* _Work to be completed_
When you restate the records, do so word for word and omit any picture they contain.

* _Input for this task_
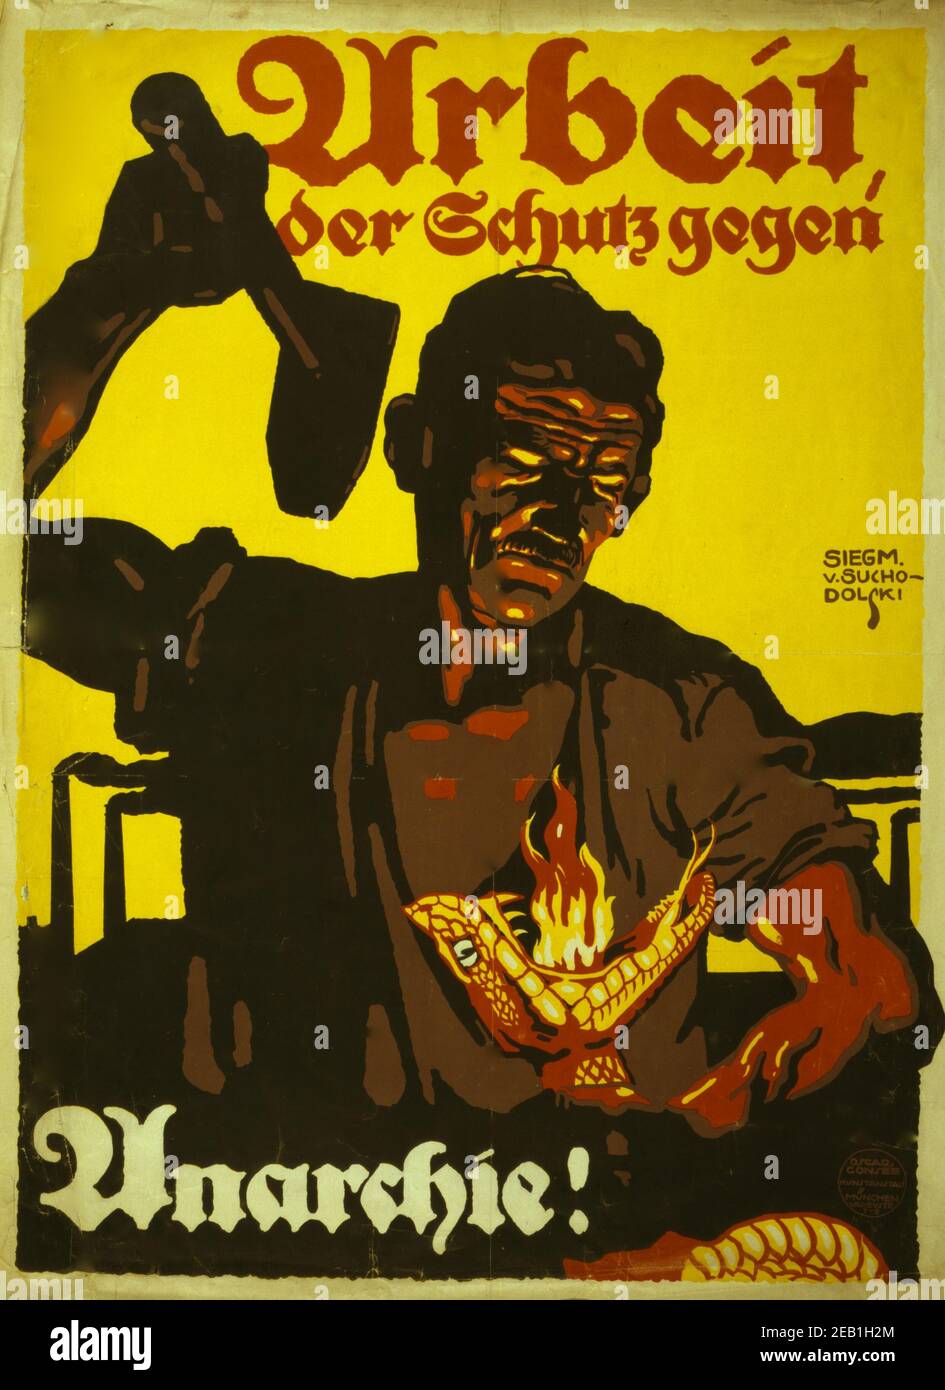 Arbeit, der Schutz gegen Anarchie!; Work, the protection against anarchy. 1919 Stock Photo
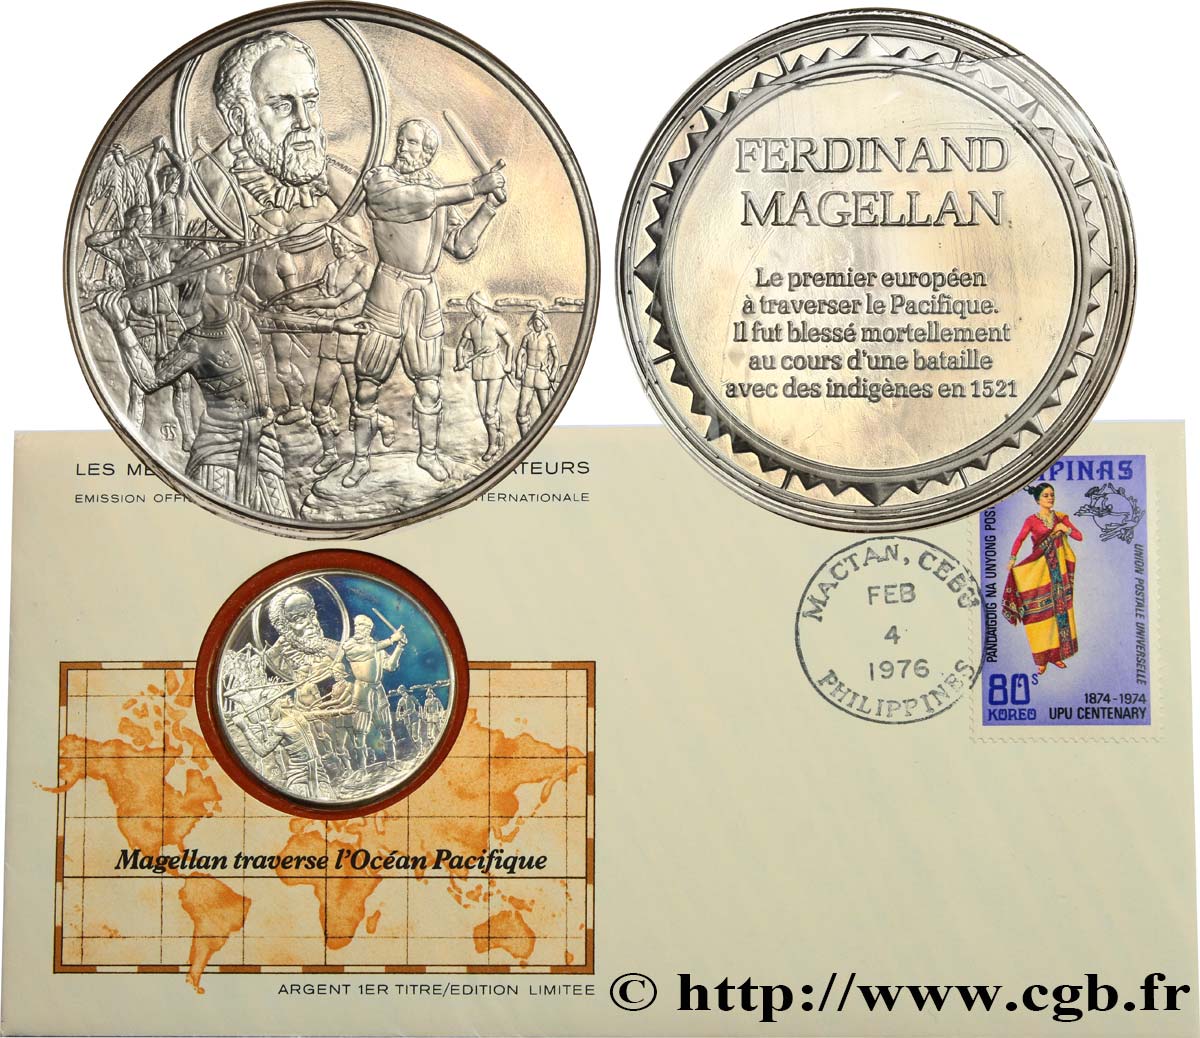 THE GREAT EXPLORERS  MEDALS Enveloppe “Timbre médaille”, Magellan traverse l’Océan Pacifique SC
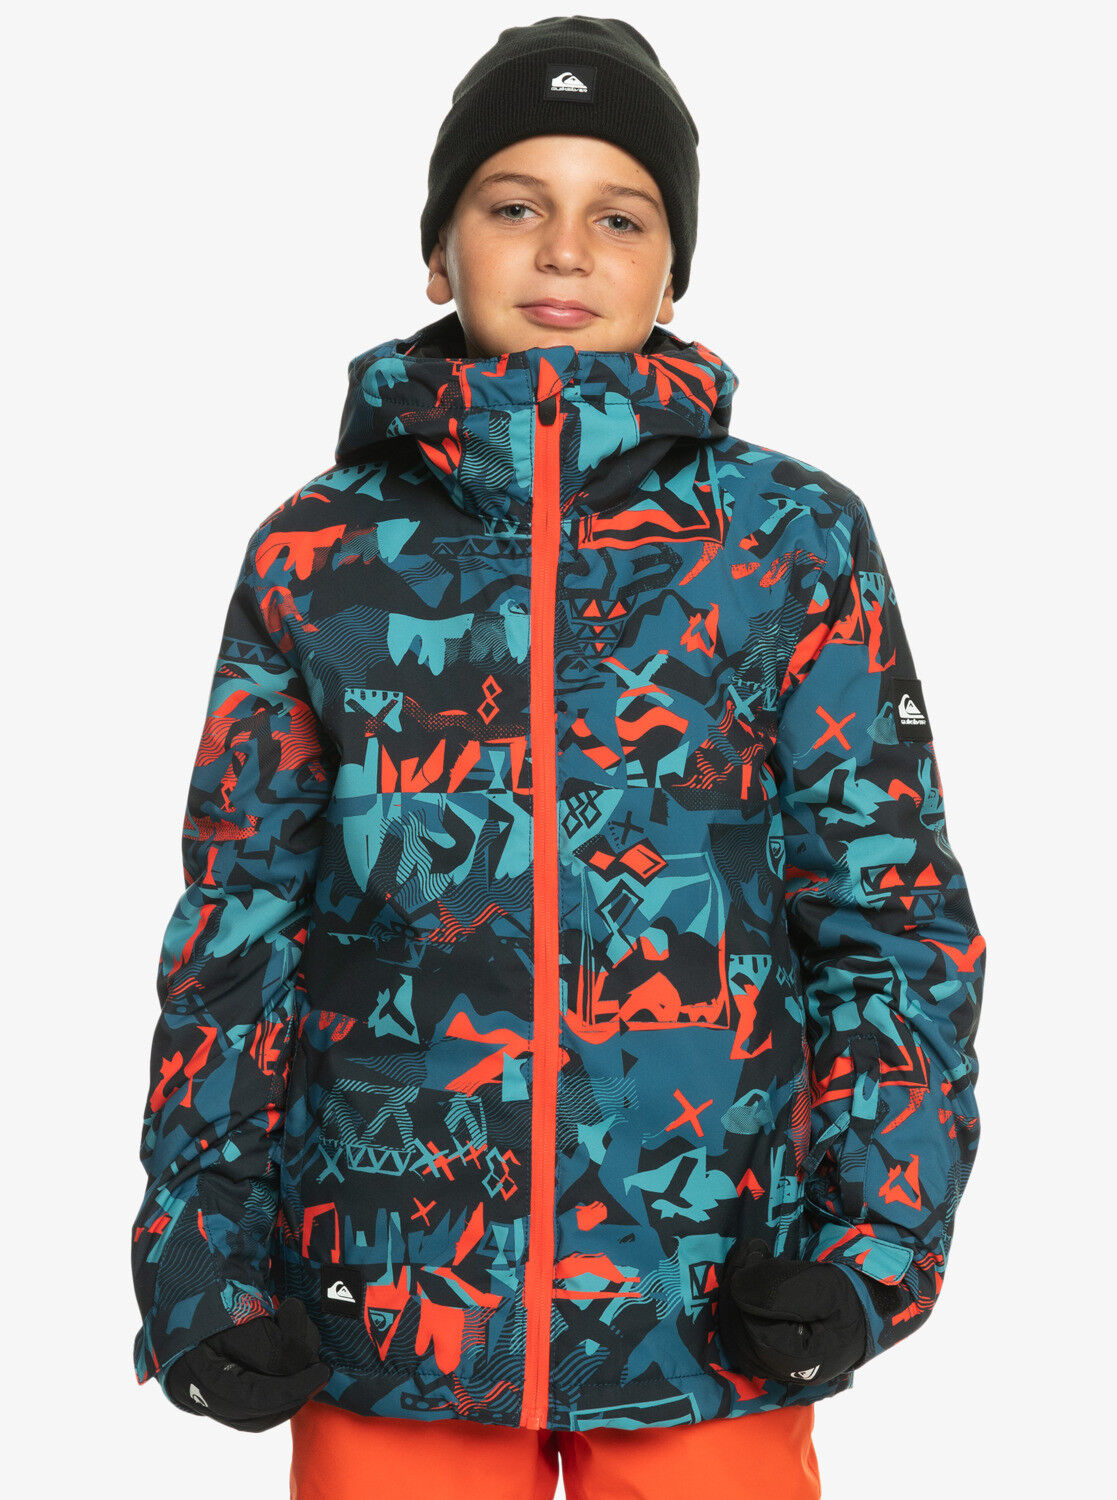 Quiksilver Mission Printed Youth Jacket - Chaqueta de esquí - Niños | Hardloop
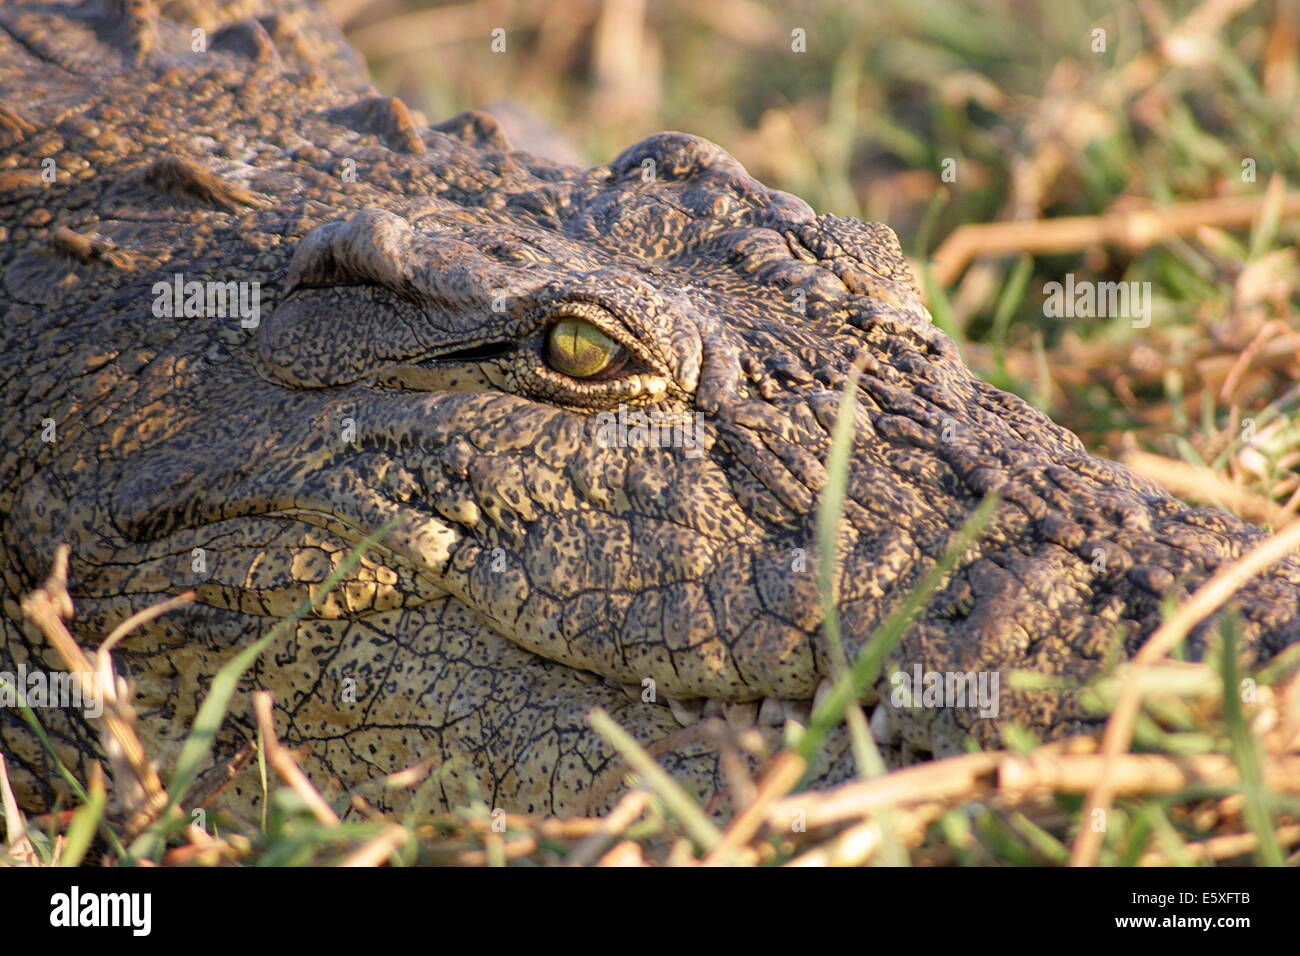 Wild Nile Crocodile in the grass. Stock Photo
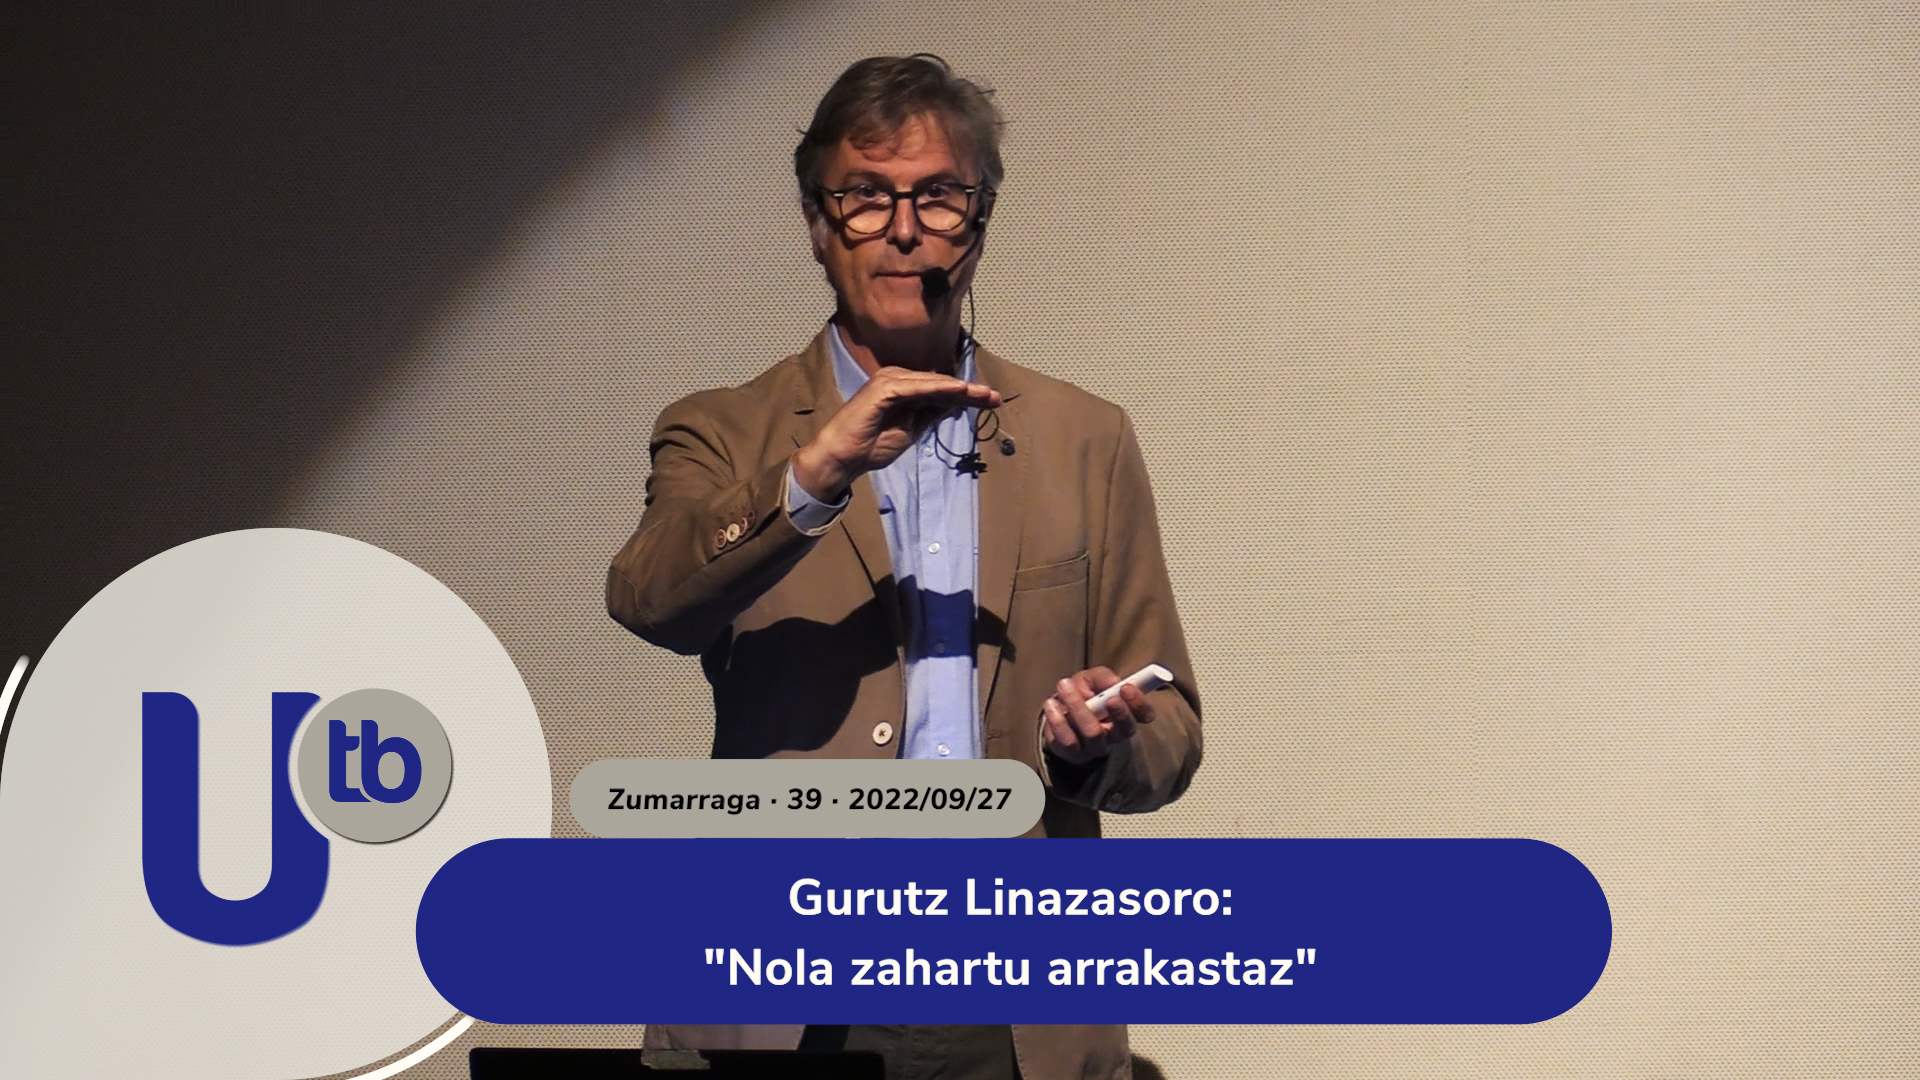 Gurutz Linazasoro: “Cómo envejecer con éxito”

* _Result of the task_
 Arbeit, der Schutz gegen Anarchie!; Work, the protection against anarchy. 1919 Stock Photo
 THE GREAT EXPLORERS  MEDALS Enveloppe “Timbre médaille”, Magellan traverse l’Océan Pacifique SC
 Quiksilver Mission Printed Youth Jacket - Chaqueta de esquí - Niños | Hardloop
 Wild Nile Crocodile in the grass. Stock Photo
 Gurutz Linazasoro: “Cómo envejecer con éxito”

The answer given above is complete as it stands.